World Highlights

¤ President George W. Bush's press secretary Scott McClellan yesterday resigned and senior adviser Karl Rove gave up the policy-development part of his job in a White House shake-up. The moves were part of an effort by new White House Chief of Staff...

¤ President George W. Bush's press secretary Scott McClellan yesterday resigned and senior adviser Karl Rove gave up the policy-development part of his job in a White House shake-up. The moves were part of an effort by new White House Chief of Staff Josh Bolten, who started work last weekend, to help Mr Bush rebound from sagging polls and bolster American confidence in his leadership.

¤ Chinese President Hu Jintao toured a Boeing Co. aircraft plant yesterday, addressed several thousand workers at the plant near Seattle, and delivered an important policy speech, before flying to Washington DC for his summit with Mr Bush today.

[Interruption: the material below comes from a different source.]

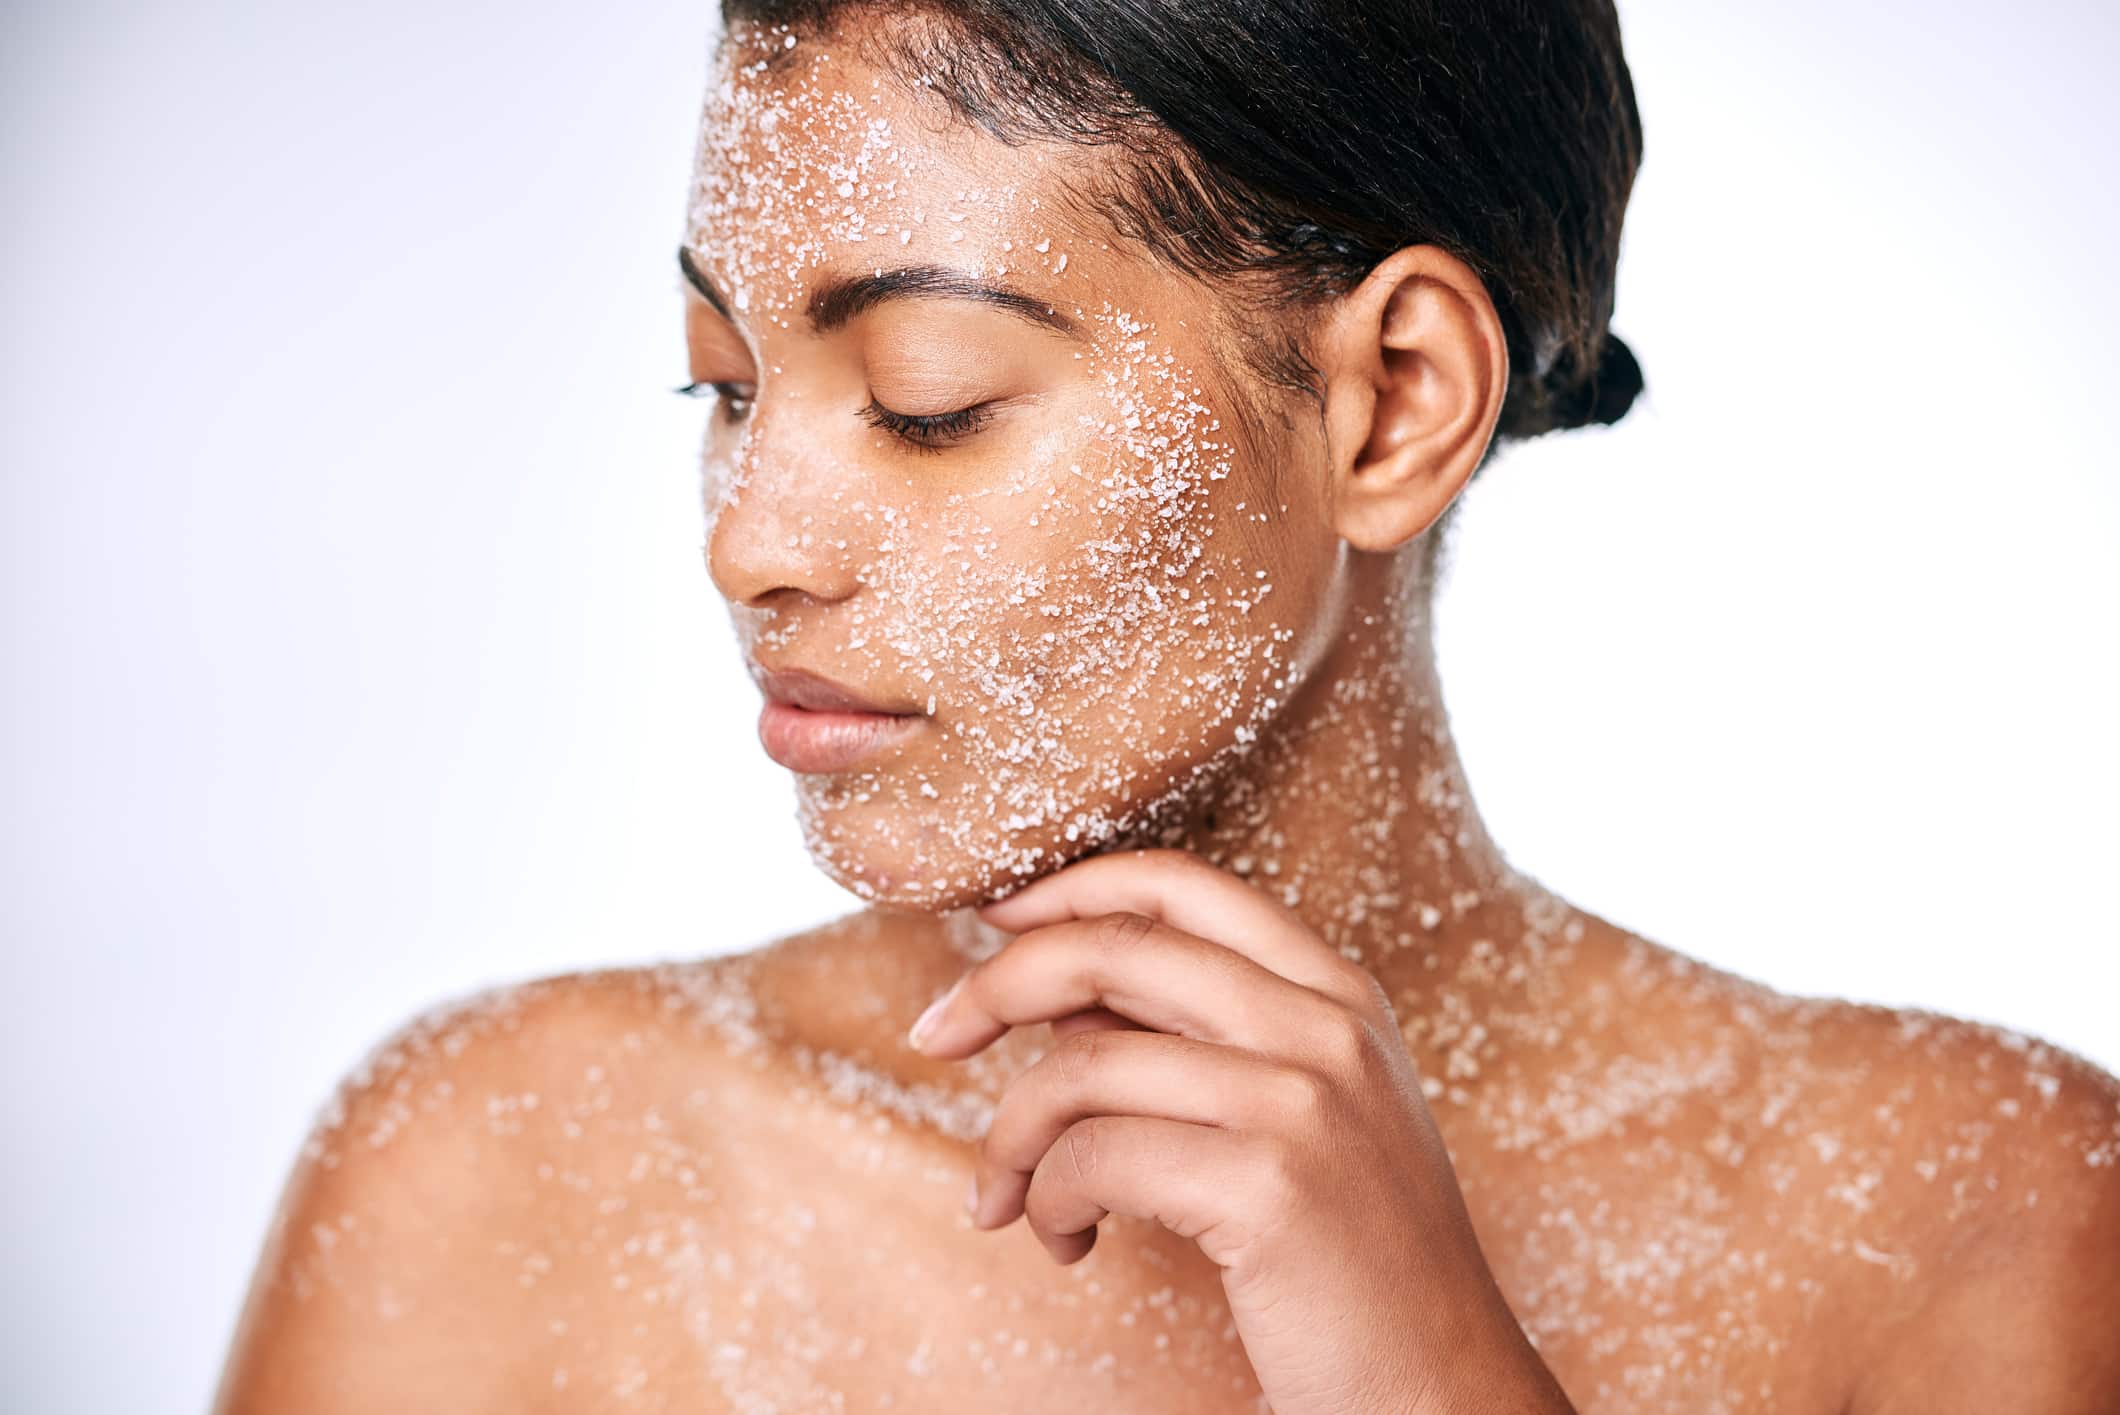 Do your know the benefits of using salt for your skin?

See pages 18, 19

¤ Iraq's Parliament will convene today, officials said, but deadlock over the formation of a national government dragged on as embattled Shi'ite Prime Minister Ibrahim al-Jaafari insisted he will not step down. Signalling growing US impatience over the need to form a unity government seen as the best hope to avert civil war, US President George W. Bush warned wrangling Iraqi leaders they must bury their differences soon.

¤ Iraqi prosecutors pressed ahead yesterday with efforts to prove that Saddam Hussein's signature was found on documents directly implicating him in the killings of 148 Shi'ites in the 1980s. The chief judge read out a report by prosecution experts authenticating the ousted President's signature on documents.

¤ French and Italian police yesterday arrested 13 suspected Islamists in a joint operation targeting a group thought close to Algeria's radical Islamist group, the GSPC, judicial and police sources said. Anti-terrorist police detained five people in the southern French port of Marseilles while eight others were arrested in Italy's southern port of Naples, mainly on suspicion of using and making forged documents.

¤ Nepal's royalist government freed the country's two top political prisoners yesterday, a sign that King Gyanendra may want to negotiate with anti-monarchy protesters who have brought the kingdom to a standstill. But in the east, security forces opened fire on protesters in the town of Chandragadi, killing at least two people and wounding dozens.

¤ Backers of Ukraine's President, trying to rebuild the coalition behind the "Orange Revolution", dug in their heels yesterday by denying estranged ally Yulia Tymoshenko a free hand to take back her job as Prime Minister.